La consigne est une solution alternative au recyclage. En Belgique et en Allemagne c’est très développé, dans le premier pour le verre uniquement (du moins bouteilles de bières, de soda ou d’eau), dans le second c’est étendu aux canettes et aux bouteilles en plastique. En France son retour fait toujours débat sans qu’une solution universelle sur le territoire n’émerge encore.
L’avantage de la consigne c’est que le tri est plus simple et qu’on réutilise les matériaux directement ce qui limite des étapes. Cependant une bouteille consignée est plus lourde et doit être lavée pour être réemployées. Mais le gain en fonte / reproduction pour le verre en particulier qui a besoin de températures élevées rend l’opération intéressant si du moins le transport n’est pas trop pénalisant.

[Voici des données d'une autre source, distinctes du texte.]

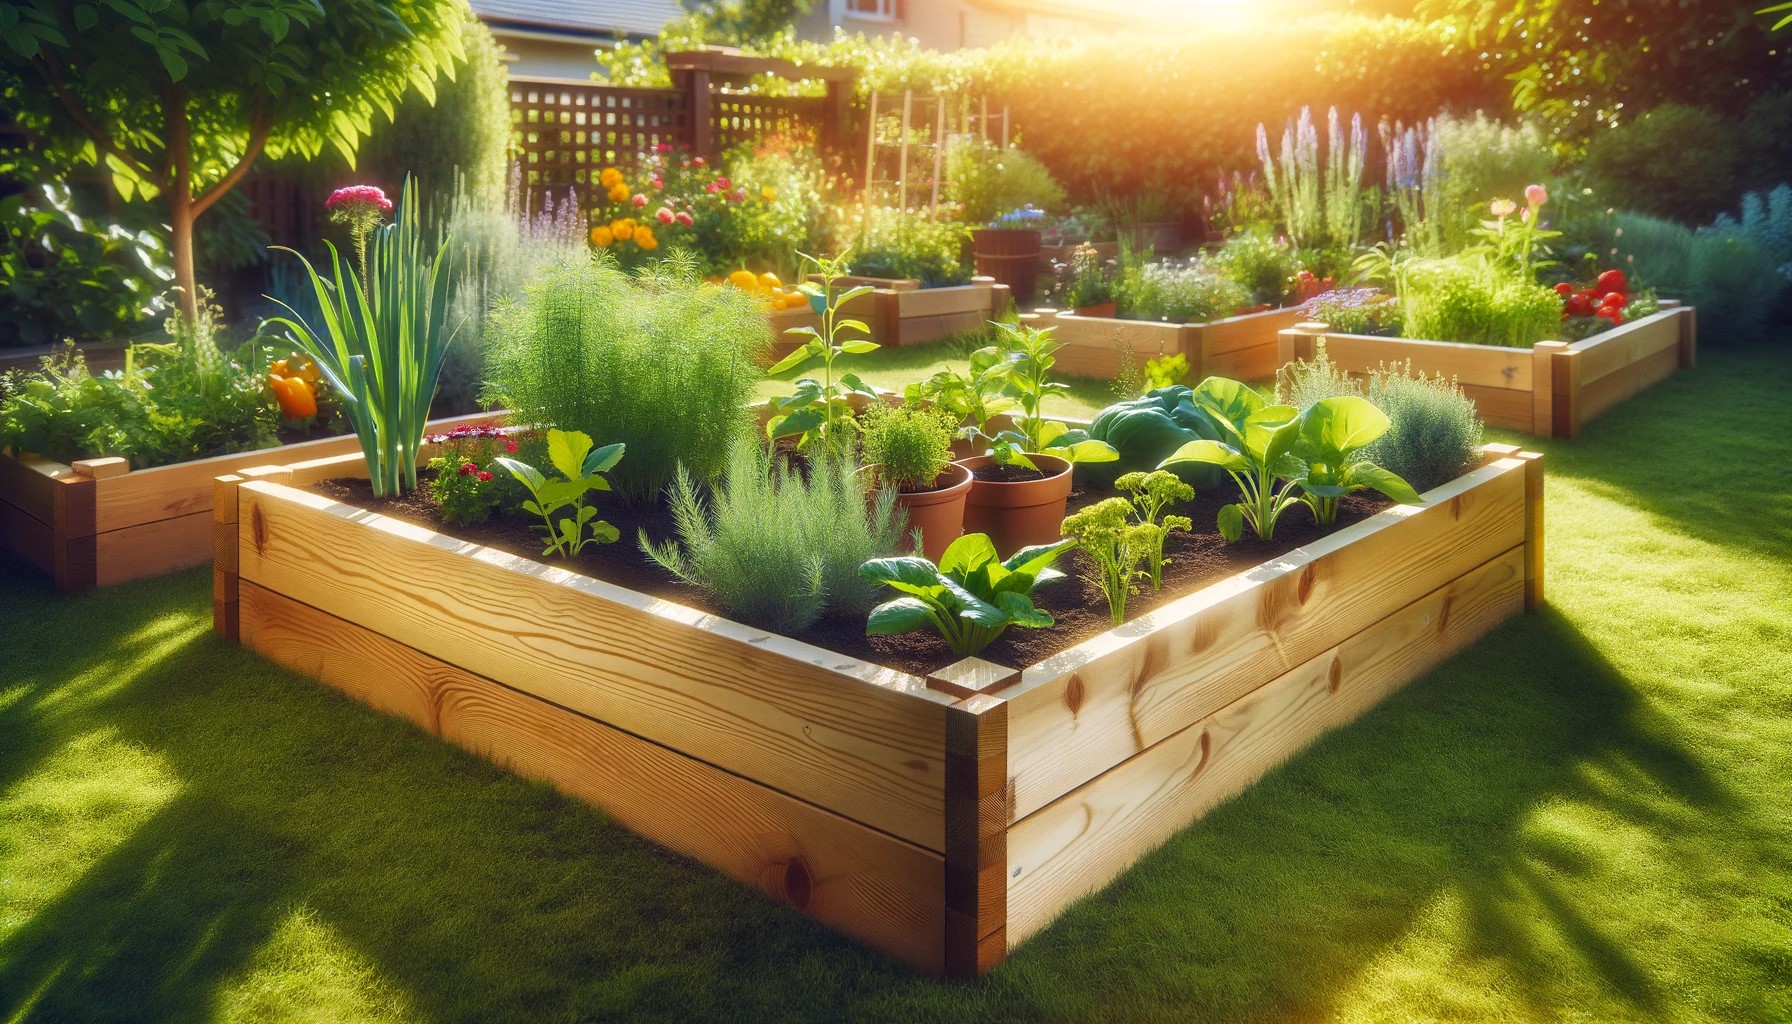 A sunny garden space with a neatly constructed DIY raised garden bed, filled with vibrant plants such as vegetables, herbs, flowers, and shrubs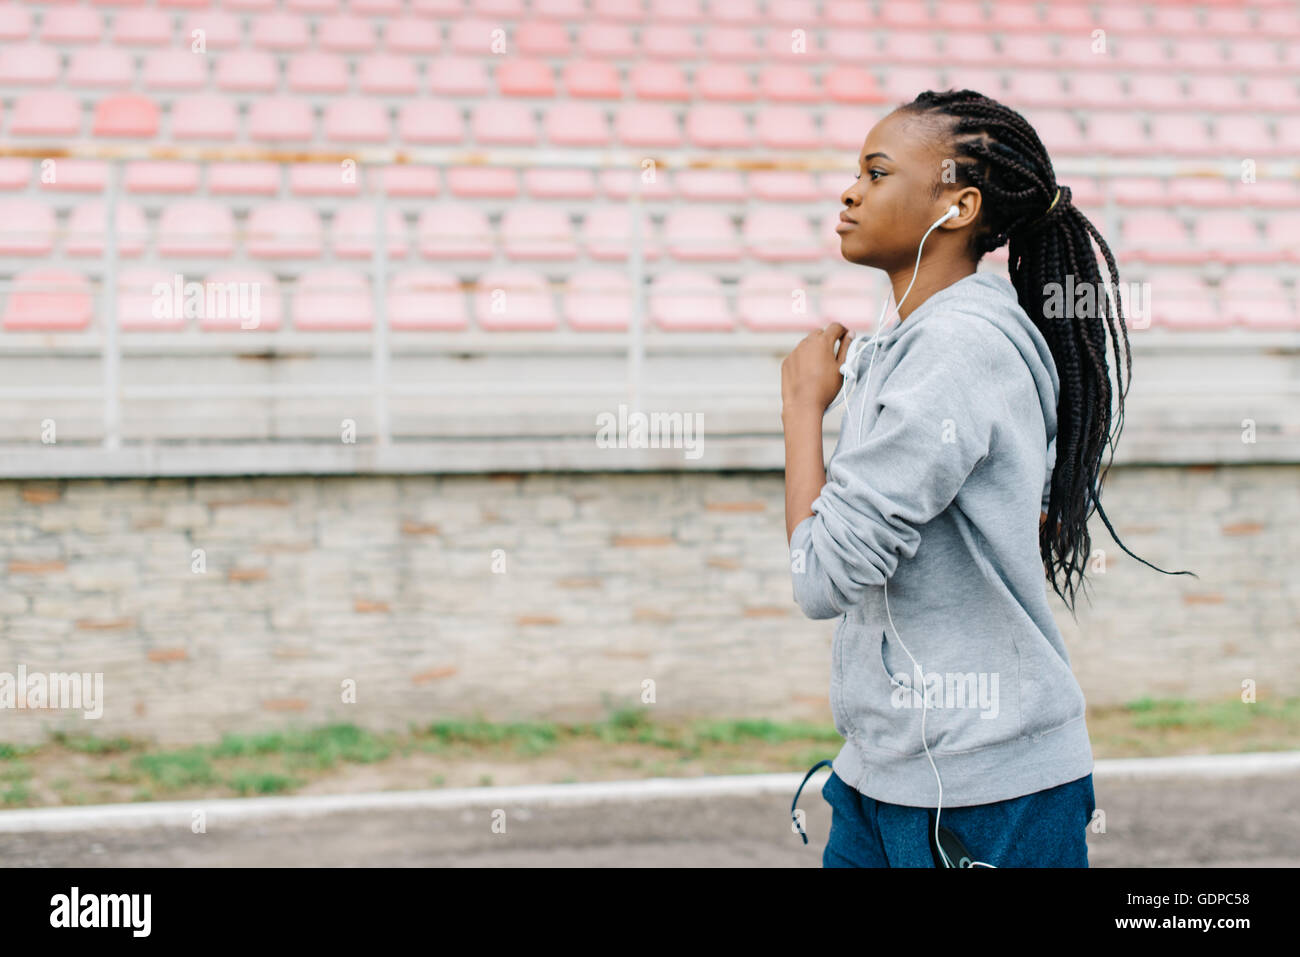 Fitness, sport, training, people and lifestyle concept - african american woman running on track outdoors Stock Photo

En effet, qui dit consigne, dit retour au producteur. Une bouteille de Coca-Cola consignée ne peut resservir en somme qu’à Coca-Cola et pas à un autre producteur. Si l’usine de production est loin du lieu de collecte, cela peut pénaliser d’autant le bénéfice environnemental de l’opération. L’étude de l’ADEME sur la consigne rappelle ce genre de variables à prendre en compte pour évaluer le gain environnemental. Ou alors il faut tendre vers une uniformisation des emballages, en particulier pour le vin ou la bière qui s’y prêtent particulièrement bien.
Mais dans le cas du plastique ou des canettes ? C’est encore un peu différent car globalement le verre est solide, et d’ailleurs une bouteille consignée est souvent un peu plus lourde pour tenir plus longtemps ce qui améliore le bénéfice. Mais pour le plastique ou les canettes, ils sont plus facilement déformés. Ce qui fait que si cela améliore le taux de collecte car cela a de la valeur (une petite bouteille en plastique rapporte 25 centimes, ça chiffre vite), donc ils sont moins réutilisés tels quels et recyclés bien plus vite que pour le verre (environ 50 contre 15 fois)
Mais du coup, passer du plastique à du verre consigné n’est pas mieux ? Pas forcément. Le verre est très lourd et fragile ce qui pénalise beaucoup son empreinte environnementale face au plastique recyclé ou consigné. Ce n’est donc pas si simple.
La consigne est donc pertinent d’un point de vue environnemental mais ce n’est pas non plus miracle et se défend au cas par cas. Son introduction en France par exemple devrait tenir compte de la localisation des usines et des lieux de consommation avec un territoire assez peu dense en comparaison de la Belgique ou de l’Allemagne. Son élargissement en Belgique doit surtout être un moyen d’augmenter le taux de collecte et de diminuer les dépôts sauvage.
J’espère que ce tour d’horizon vous a éclairé sur certains aspects liés aux déchets qui n’est pas une question simple et il y a beaucoup à approfondir. J’ai lu beaucoup de rapports sur le sujet et j’ai trouvé cela fascinant, c’est finalement très technique, c’est un sujet de société important et il y a de nombreux défis souvent insoupçonnés.
Dans la mesure du possible, consommez moins, réutilisez, triez et recyclez vos déchets. Renseignez-vous quant à la politique de votre région concernant cet enjeu. Car chaque territoire a une politique différente et cela bouge beaucoup.